Keywords
Biometrics; Iris recognition; Hough transformation; Daugman’s rubber sheet model; Discrete wavelet transformation; Principle component analysis
Abstract
The Biometric recognition is the study of identifying individuals based on their unique physiological or behavioral characteristics, includes iris, face, fingerprint, retina, vein, hand geometry, hand writing, human gait, signature, keystrokes and voice. Among the biometrics, an iris has unique structure and it remains stable over a person life time. So that iris recognition is regarded as the most accurate and reliable biometric recognition system. In this paper, we proposed a technique that uses Principal Component Analysis (PCA) based on Discrete Wavelet Transformation (DWT) for selecting feature of iris templates to increase the efficiency of iris recognition. Basically, the idea of DWT is to convert the iris image into four frequency band.

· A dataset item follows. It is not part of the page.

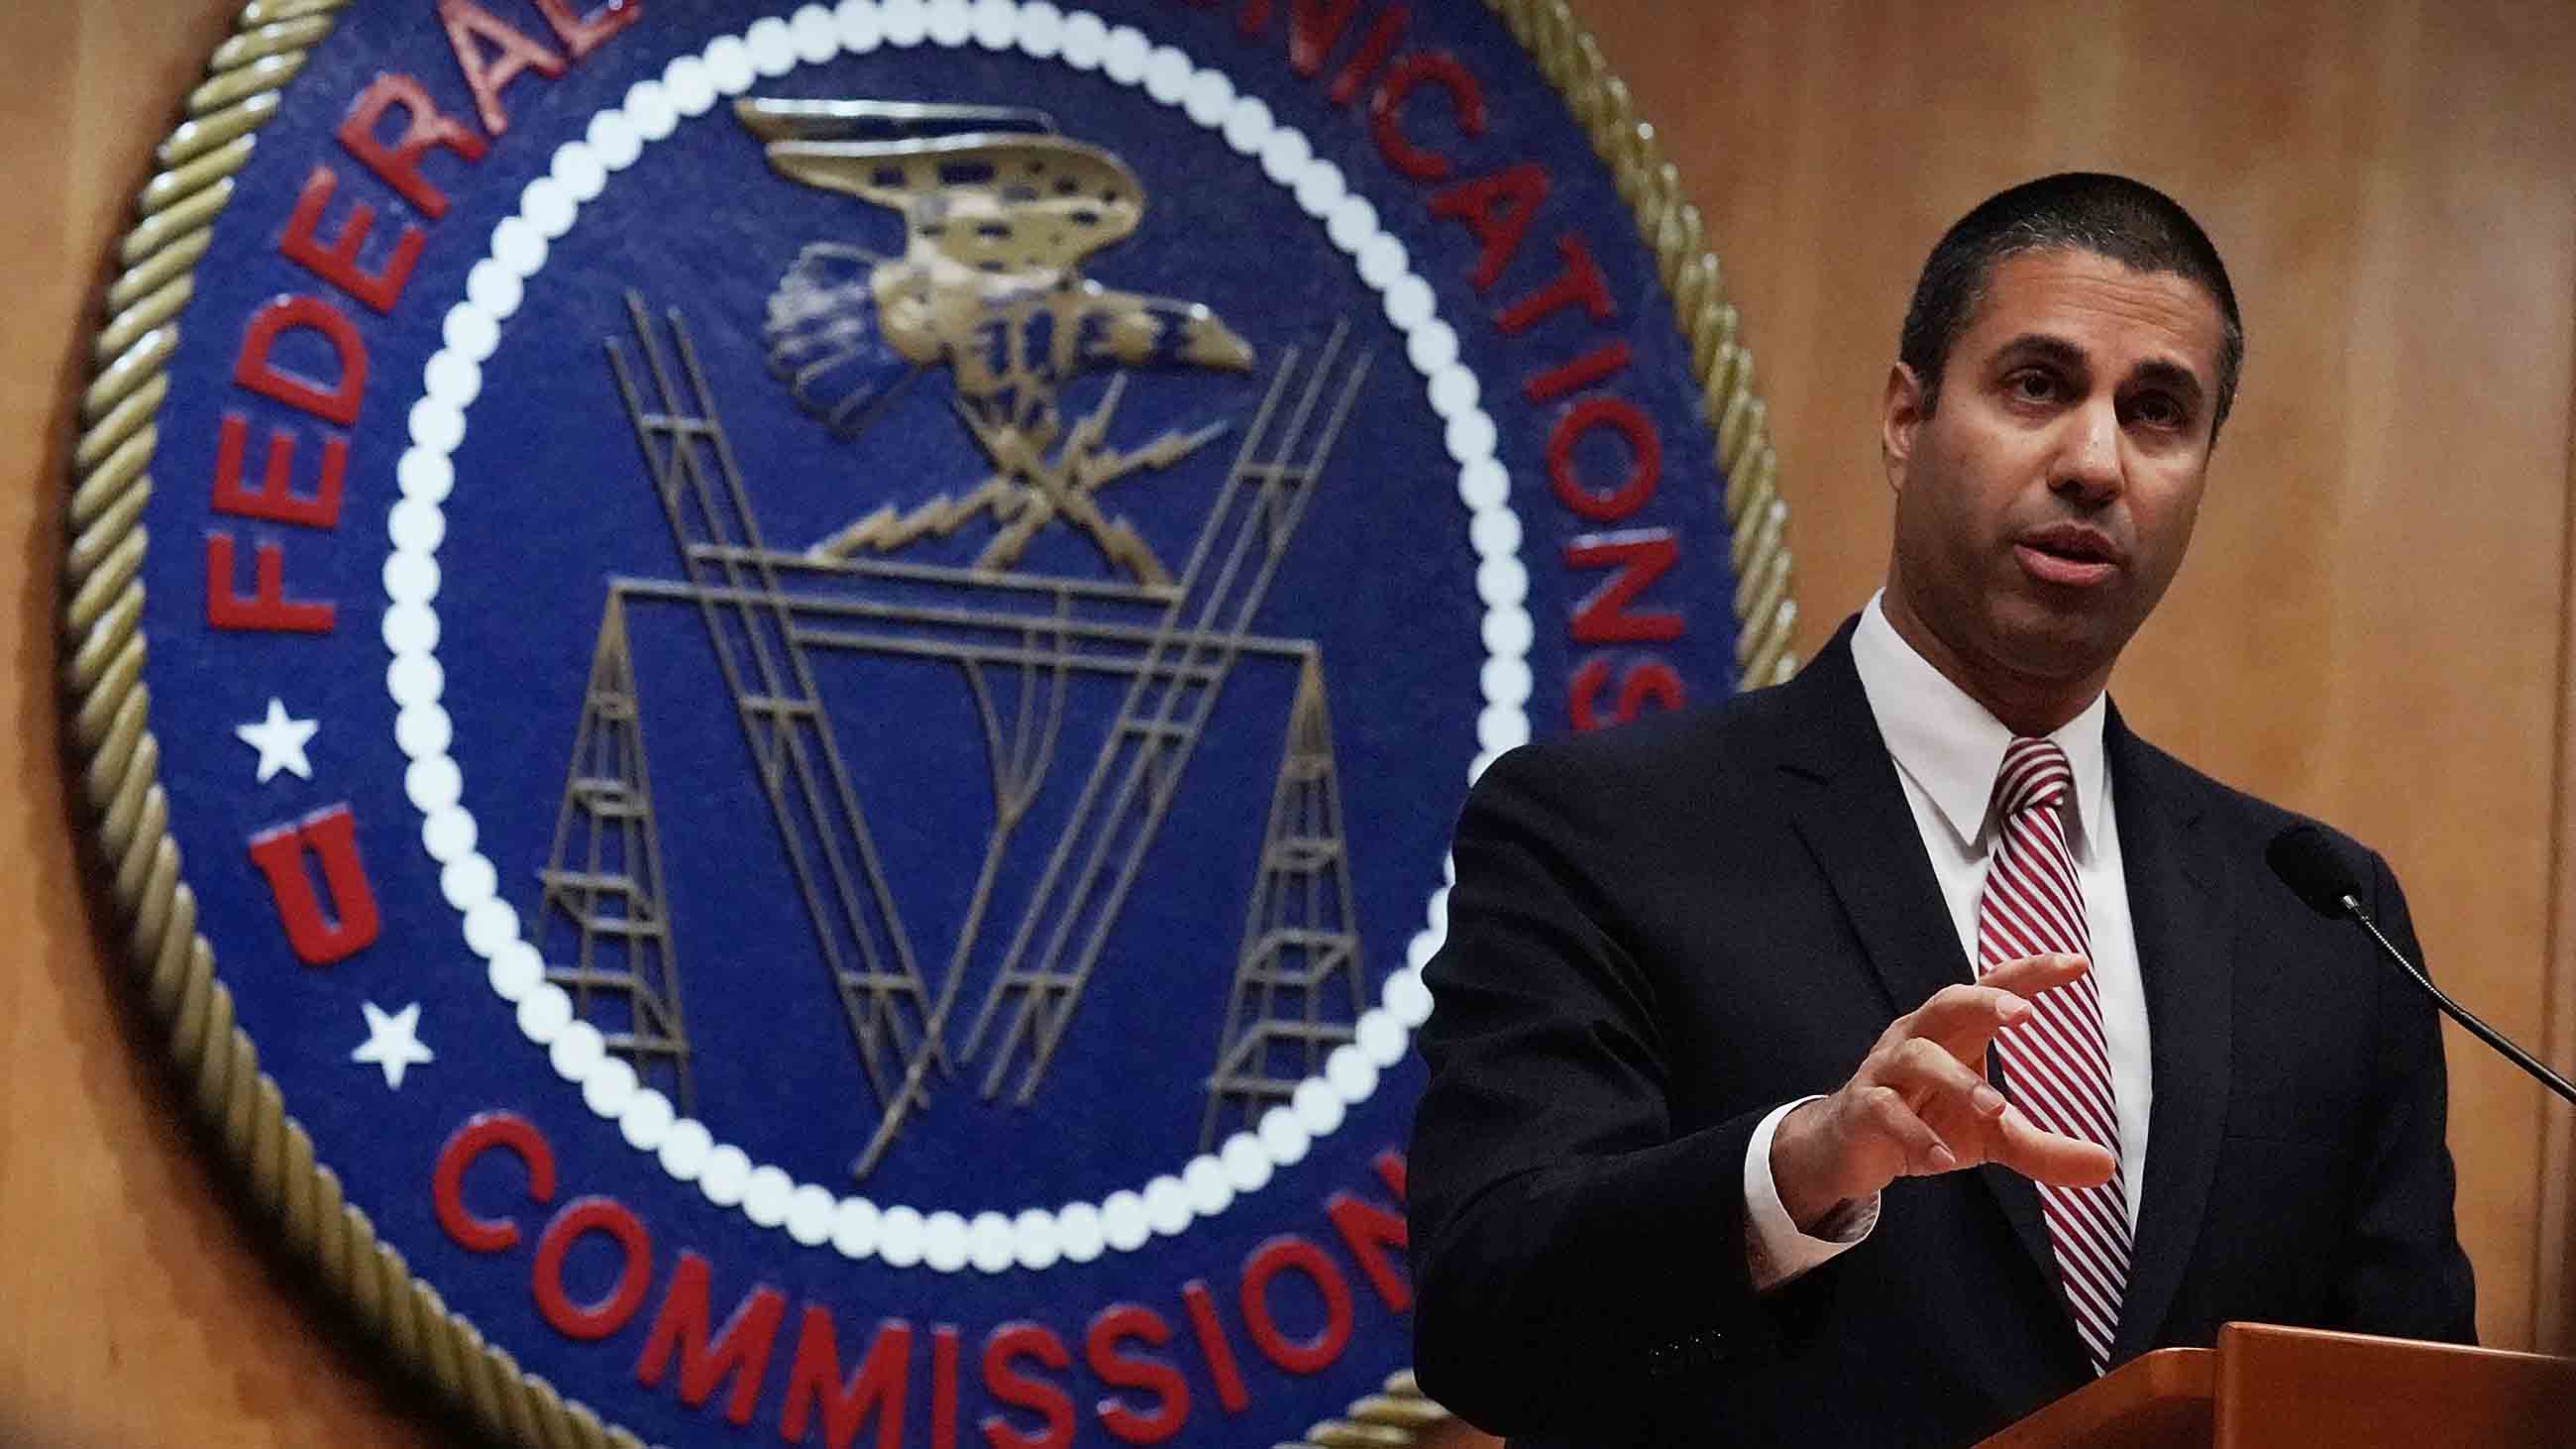 Federal Communications Commission Chairman Ajit Pai speaks to members of the media after a commission meeting December 14, 2017 in Washington, DC. FCC has voted to repeal its net neutrality rules at the meeting.
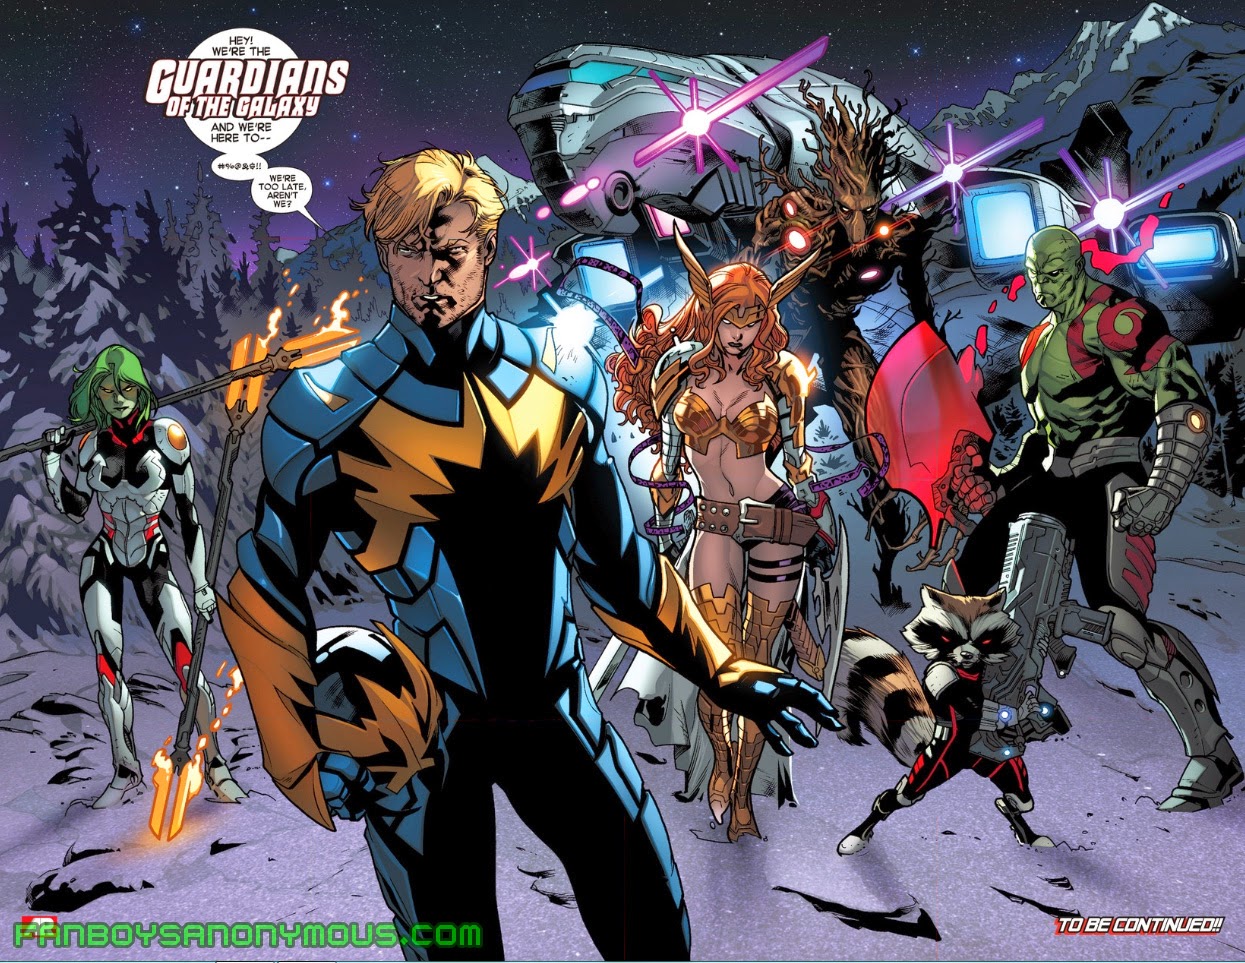 All-New-X-Men-issue-22-Guardians-arrival.jpg

We are using one frequency band instead of four and applying PCA for further feature extraction. Experiments with iris images from the CASIA database present good results, showing that the proposed combination strategy of feature extraction is suitable for increasing accuracy of iris recognition.
Citation
Rana HK, Azam MS and Akhtar MR. Iris Recognition System Using PCA Based on DWT. SM J Biometrics Biostat. 2017; 2(3): 1015.